Coelho is the director of Music Together of Salem, which is part of the larger organization Music Together. Providing fun, educational family music classes in more than 3,000 communities across the globe, Music Together uses research-based music-education curriculum to teach children ranging in age from newborn to five years old. The curriculum provides tools for the children to advance their musical development.
Coelho said the goal is to achieve what is known as “basic music competence.”
“It’s starting from the viewpoint that all children are musical,” Coelho said. “So we are all wired the same way, we can learn how to speak a language, we can learn how to make music, and we see music as a language.”
She said the focus is not on talent, but on development.
Originally from Brazil, Coelho moved to the United States to study at the Berklee College of Music and soon met her husband and settled on the North Shore. She originally got involved in the program after the birth of her son. Previously, she had done tours across the country and internationally with her band. While she was at home taking care of her son, she would try different songs to play for him. She then heard about the Music Together curriculum and took him to a class in Brookline.
She loved it so much that she got involved and began training for the classes to be able to teach. She ran classes for two years in Salem and Swampscott, but when a teaching position opened up in Marblehead in 2008, she jumped right in.
The classes, Coelho said, support learning in all areas including cognition, spatial awareness, socialization, coordination, and fine-motor skills.
“When we do the activities, it assists the children to go on the pathway of developing their basic music competence while supporting all of their development,” she said.
Though the classes have structure, the children are allowed to explore and discover different beats and melodies, rather than following specific instructions to match the rhythm of a song exactly.
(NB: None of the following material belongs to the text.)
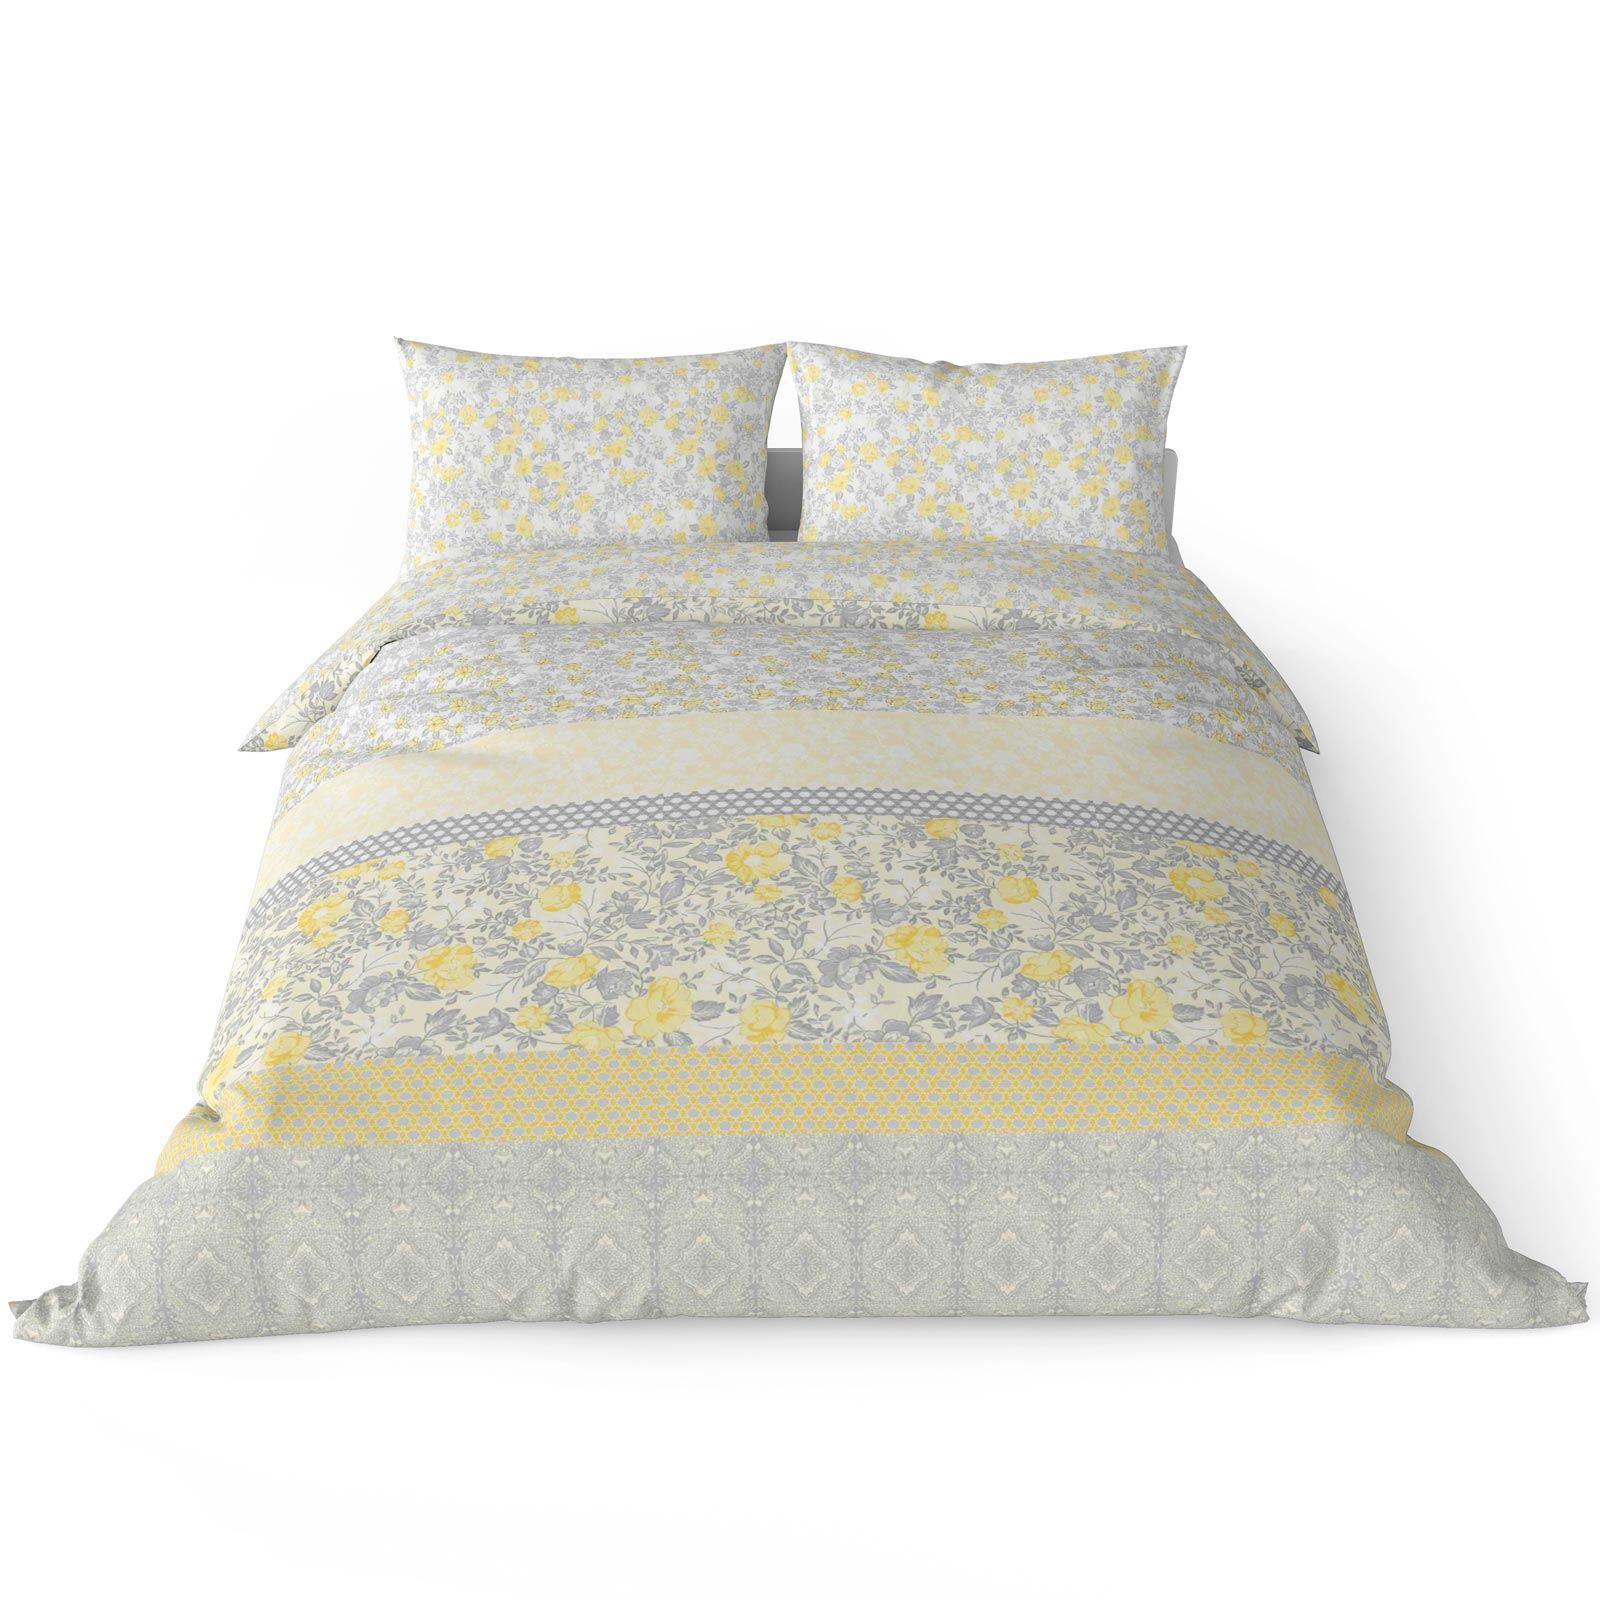 Mostaza-amarillo-ocre-Funda-de-edredon-impreso-Edredon-juego-ropa-de-cama-cubre-conjuntos miniatura 24

“It’s not formal instruction. We’re never telling the kids, ‘Do this, do that,’” she said. “We let them explore the same way they’re learning, from the grown ups around them, how to talk.”
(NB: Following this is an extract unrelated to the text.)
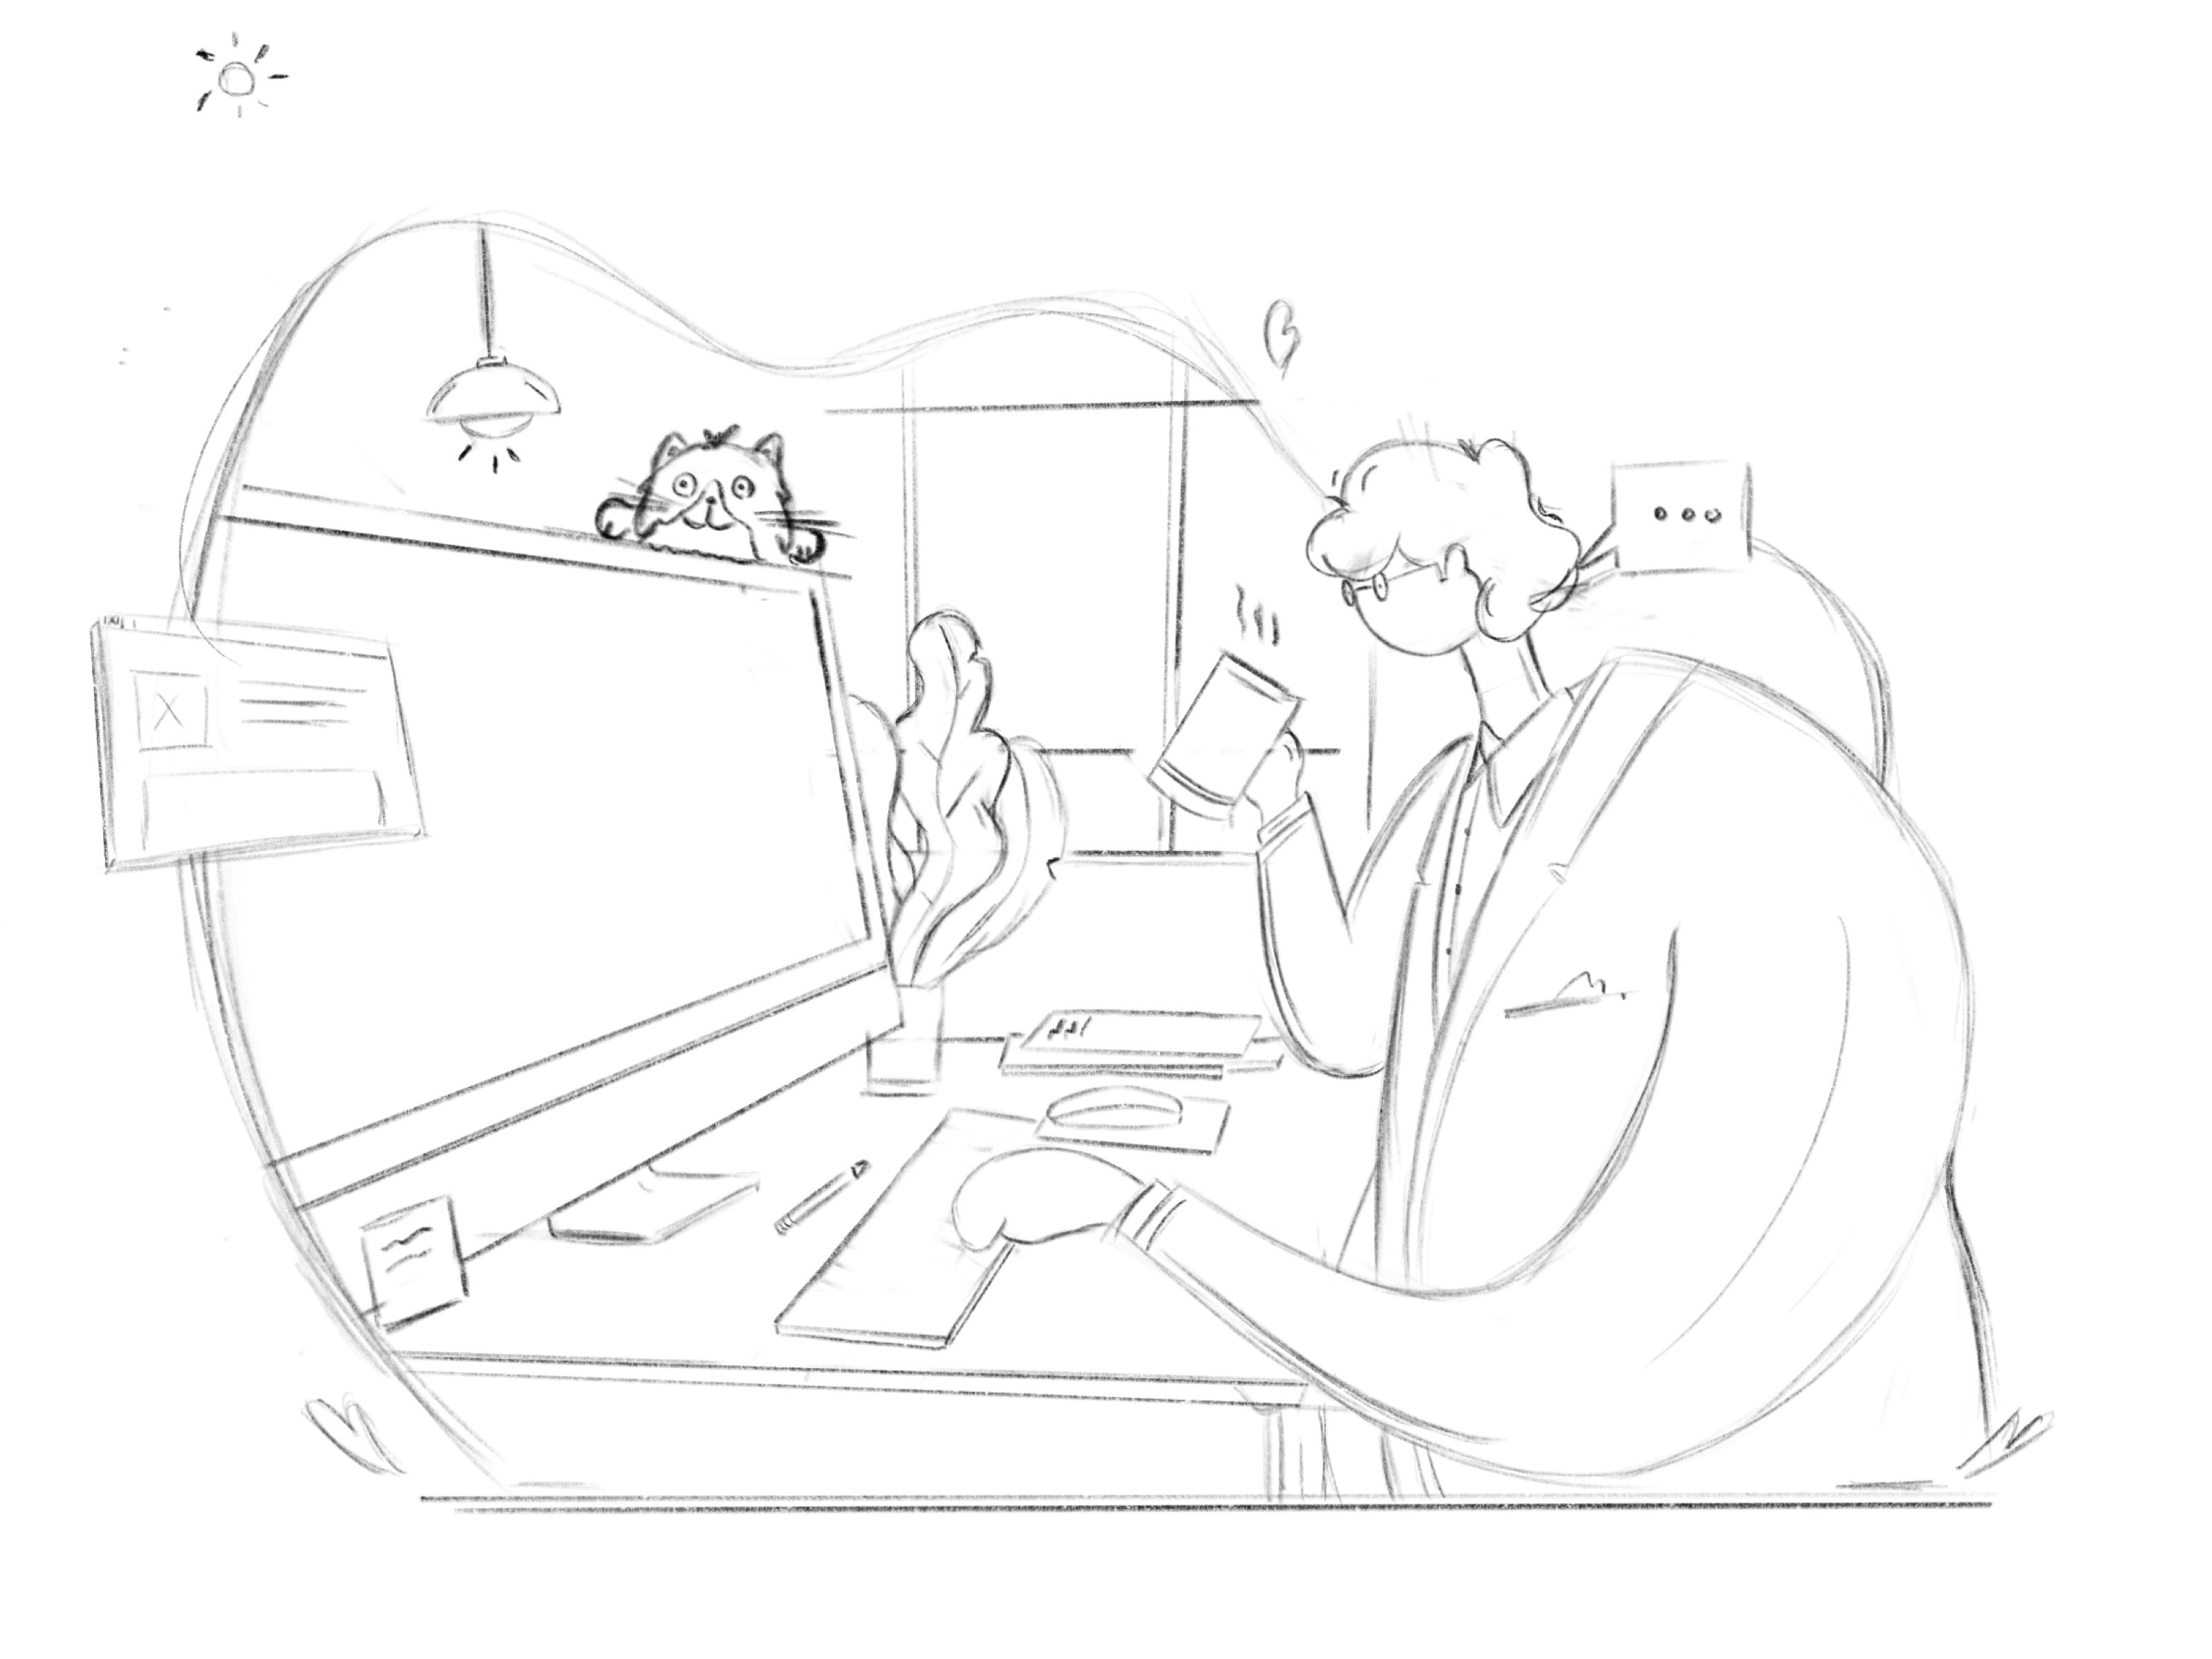 Working   sketch by tran mau tri tam

A number of different musical instruments are used during the classes including tambourines, wrist bells, egg shakers, and triangles. At the end of the classes, Coelho leads what she calls a “jam session,” during which she takes out a basket of various instruments for the children to play with.
She said one of her favorite parts of teaching children’s music and movement is seeing the kids sing and dance to songs that don’t normally appear on the radio and that use different scales. She referenced a scale they use, known as a Greek mode, that brings her joy when she sees kids singing along.
“You would not hear anything like that on the radio. The kids are exposed to something that ordinarily, they wouldn’t,” Coelho said. “When I see a two-year-old singing the song in a Greek mode, something that we do not expect, and the joy and singing, I’m like ‘Oh my gosh, I did my job well.’”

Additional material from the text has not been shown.